His throat, too, was intact once more, as were the other various smaller injuries he’d picked up from both their battle with the giant and the broader Tartarus experience, and part of Apollo wondered how long he’d been sat there. Ichor still stained his armour and skin alike, a jagged slit in the abdomen of his armour showing where Orion’s hunting knife had passed through it as though it hadn’t existed, but it was a simple matter to will it away.
The action didn’t bother his essence in the slightest, adding credence to the suspicion that he had been… out… for some time, for whatever measure or worth time had in the Pit, and some self-evaluation put him at not quite a hundred percent, but recovered enough that he was confident in his abilities to handle most non-Orion levels of confrontation once more.
Cool metal, celestial bronze at its finest despite the haphazard nature of the creation, made itself known in his hand and he looked down at the Valdezinator – or rather, the remains of it.
The instrument was, for lack of a better word, ruined, and Apollo felt a not inconsiderable amount of regret at the sight. For something he had more or less forced Leo to give up to keep up his own appearances, he had grown attached to the strange yet utterly unique instrument, and had been making great strides in mastering the art of playing it.
In fact, his performance against Orion could have argued that he had if not mastered, at least achieved a high level of proficiency in playing it – something Apollo had never fully expected himself to manage. Not because it was outside of his realms of ability – it was a musical instrument, it was always within his abilities – but because of the requirements for playing it.
The Valdezinator fed on emotions. It was ingenious – music and emotions were heavily intertwined, but never had Apollo before seen an instrument that required emotions to make sound in such a way as the Valdezinator. When he considered that it was constructed with less than a thought from Leo, simply something his hands did while his mouth was busy, it seemed unbelievable – and yet, it fit so perfectly. Something created on a whim, away from conscious thought, that required the intangible to play… Apollo loved it, but the vulnerability it had forced from him had been something he had been unwilling to display.
It demanded honesty, not a performance, and Apollo had never thought he would be in a position where he would willingly shed his performance in front of an audience – at least, not until his trials, and Lester, and everything that had entailed.
Still, against Orion – in front of Hades – with the fear from the Helm swirling around him and Orion’s vicious face threatening him, threatening his sister and his children, Apollo had managed to harness the right emotions to stop the giant, to lasso the fear his uncle’s Helm emitted and channel it into a weapon against his bane. He’d hoped that would have been enough, but he’d known that just the music wouldn’t have been. More had been needed.

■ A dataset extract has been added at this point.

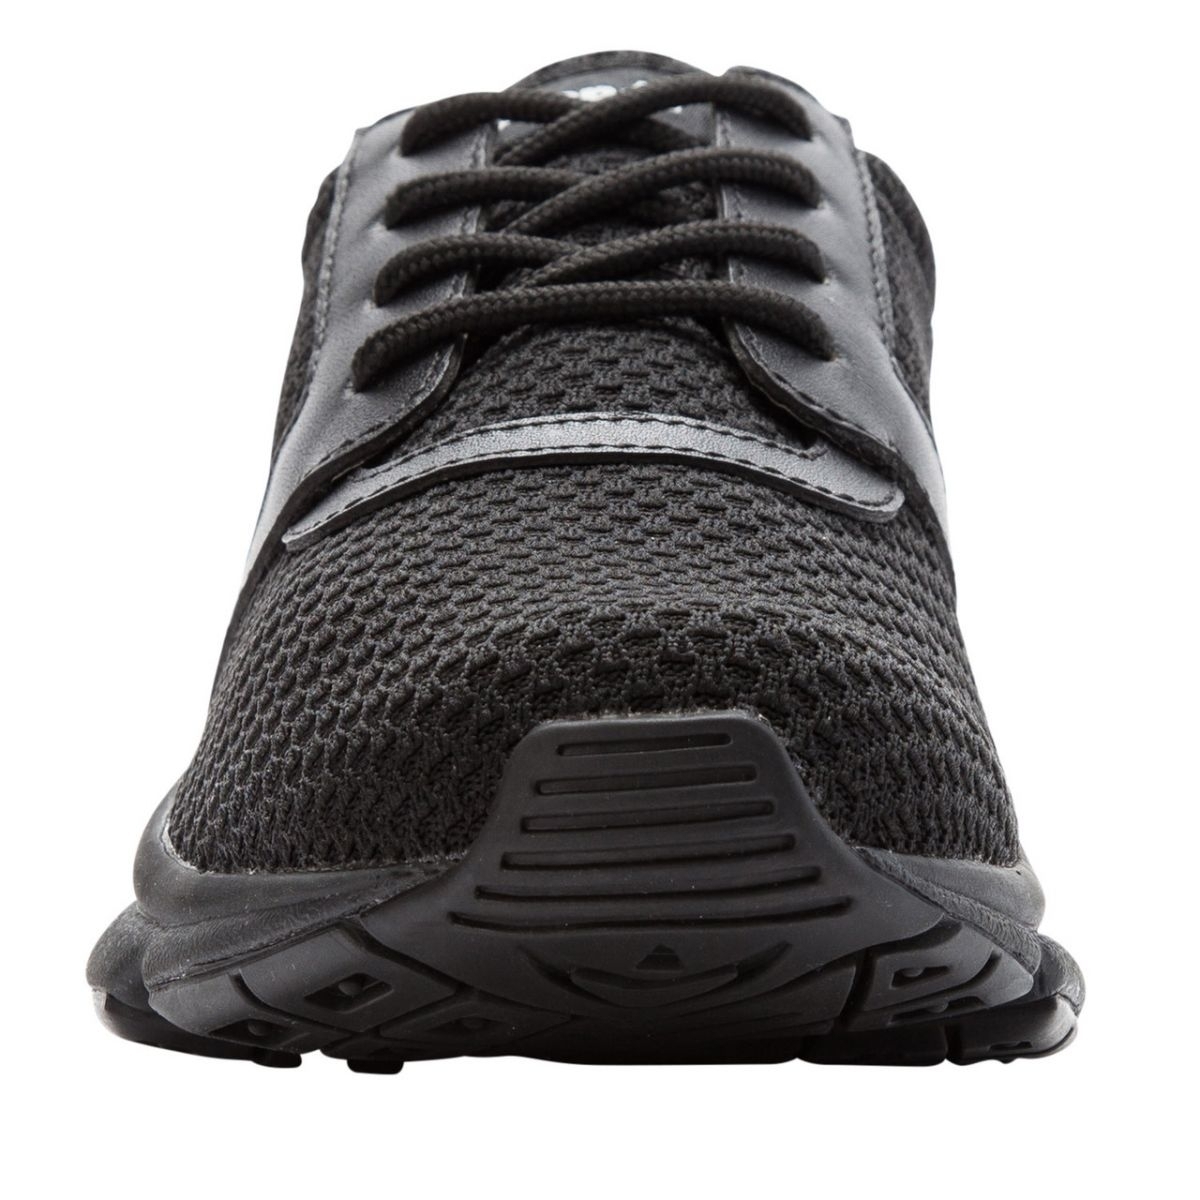 Propet Women's Stability X Walking Shoe Black - WAA032MBLK BLACK - BLACK, 7.5

Apollo hoped Leo would understand. His hands shook as he looked down at the mangled metal, before he pushed at it with his essence, picturing the nook he had placed it in for safe keeping on Delos. Such a piece of mastery deserved far, far better than to be discarded in Tartarus for evermore. Perhaps, if Leo forgave him its destruction, he would be willing and able to repair it.
Summoning it in the first place had been exhausting, not just because he’d lost so much ichor he’d been struggling to perform any truly godly feats at all but also because of the distance between Delos and Tartarus. Sending it back, despite being well-rested, was just as difficult. Having his ichor and strength restored helped, but Tartarus was automatically opposed to things leaving, and it took several long minutes before the instrument faded from his hands entirely.
He took one more moment to remember it, to mourn the instrument that had saved him at the cost of itself much like a certain ukulele, before casting his attention around the cave to find Hades.
His uncle was stood at the entrance, sword held loosely by his side. It was the exact same position Apollo had seen him take up as he’d slumped against the wall of the cavern, and he wondered if Hades had moved at all since then.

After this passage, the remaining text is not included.